Rip things up or keep faith? Germany hit the road and now face gamble

A bus carrying Germany's national team departs from their training base as they head home from Qatar.
A bus carrying Germany's national team departs from their training base as they head home from Qatar. Photograph: Friedemann Vogel/EPA

There was to be no melodrama. There were few tears and even fewer words. “Dead silence,” was how Jonas Hofmann described the Germany dressing room in the aftermath of its most pyrrhic victory, a 4-2 win over Costa Rica that still led to their elimination.

“It’s so bitter, I have no words,” said a crestfallen Serge Gnabry.

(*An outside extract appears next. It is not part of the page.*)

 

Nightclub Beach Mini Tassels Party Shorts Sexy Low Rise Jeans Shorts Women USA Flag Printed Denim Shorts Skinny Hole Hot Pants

Ilkay Gündogan, his belongings wrapped in a bin bag, dragged himself through the mixed zone mumbling a few things about disappointment. Kai Havertz posed with his unwanted player-of-the-match award like a man clutching his divorce papers.

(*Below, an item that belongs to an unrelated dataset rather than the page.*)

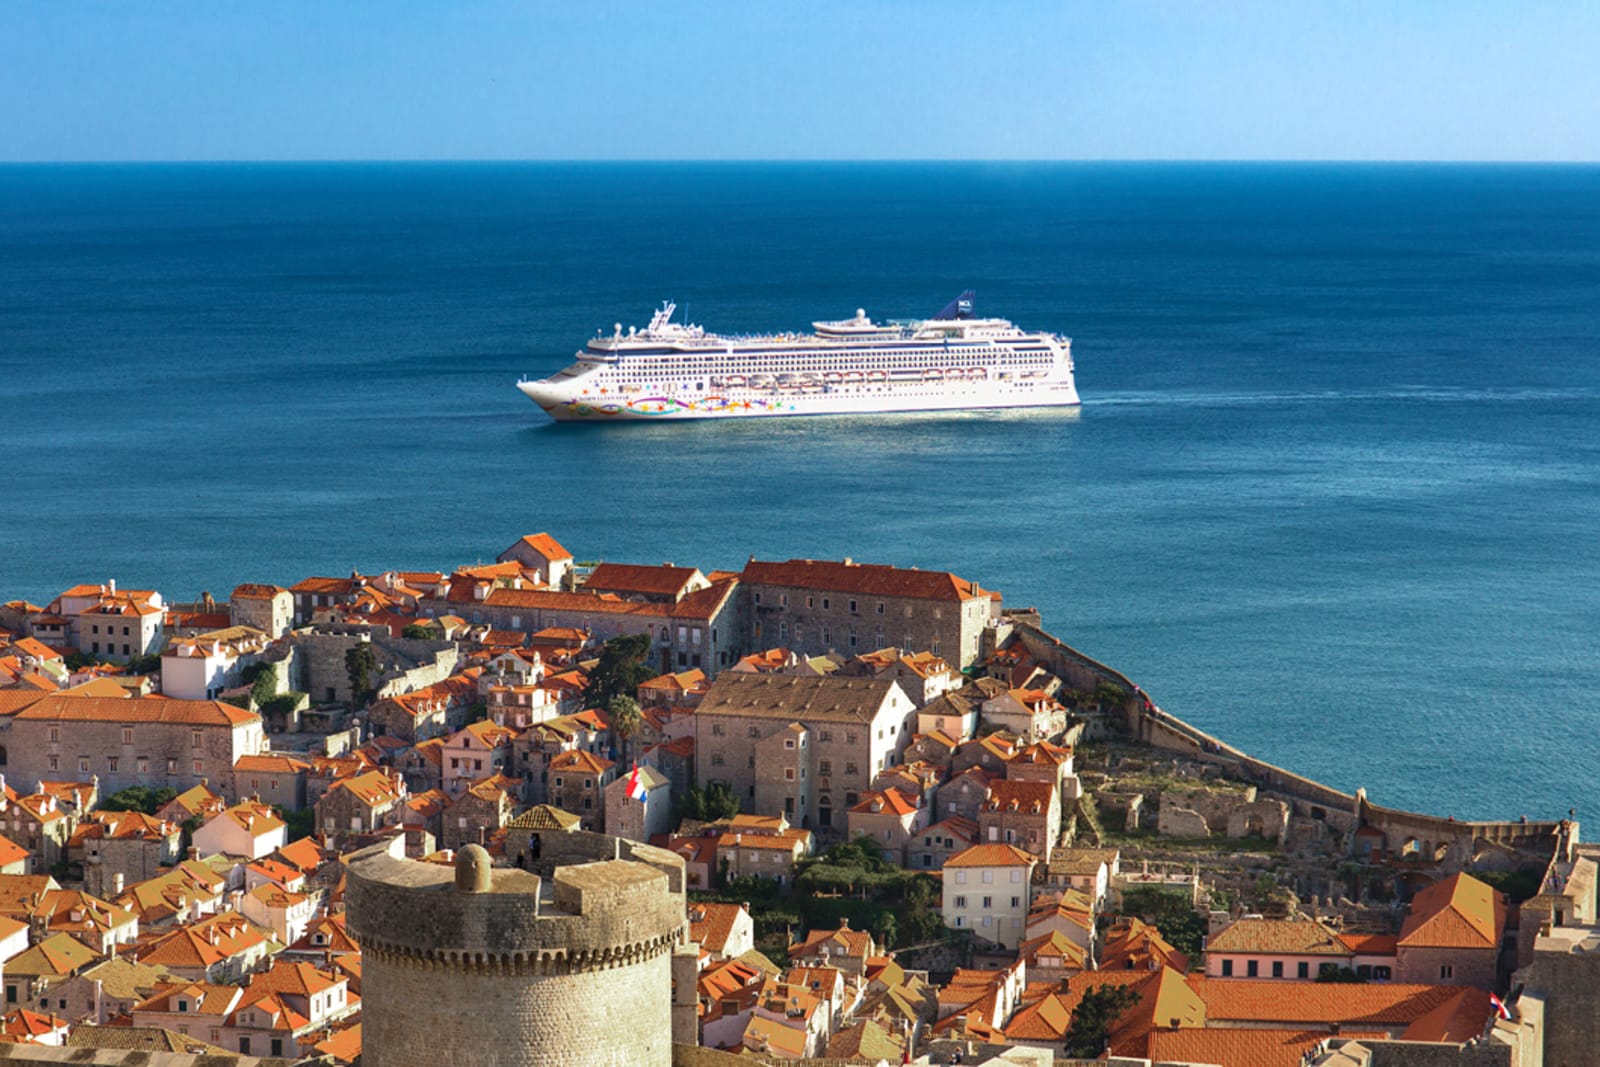 Norwegian Cruise Line vessel in the Mediterranean

Others were simply mourning, wondering what more they could have done, what it all meant. “I joined in 2016,” Joshua Kimmich considered. “Before that Germany was always in the semi-finals. Then I come along and we are eliminated twice in the preliminary round, and last year in the round of 16. I’m personally connected to this failure.” The next few days will be the toughest. Germany will grieve. Germany will reflect. The really interesting part is what Germany does next.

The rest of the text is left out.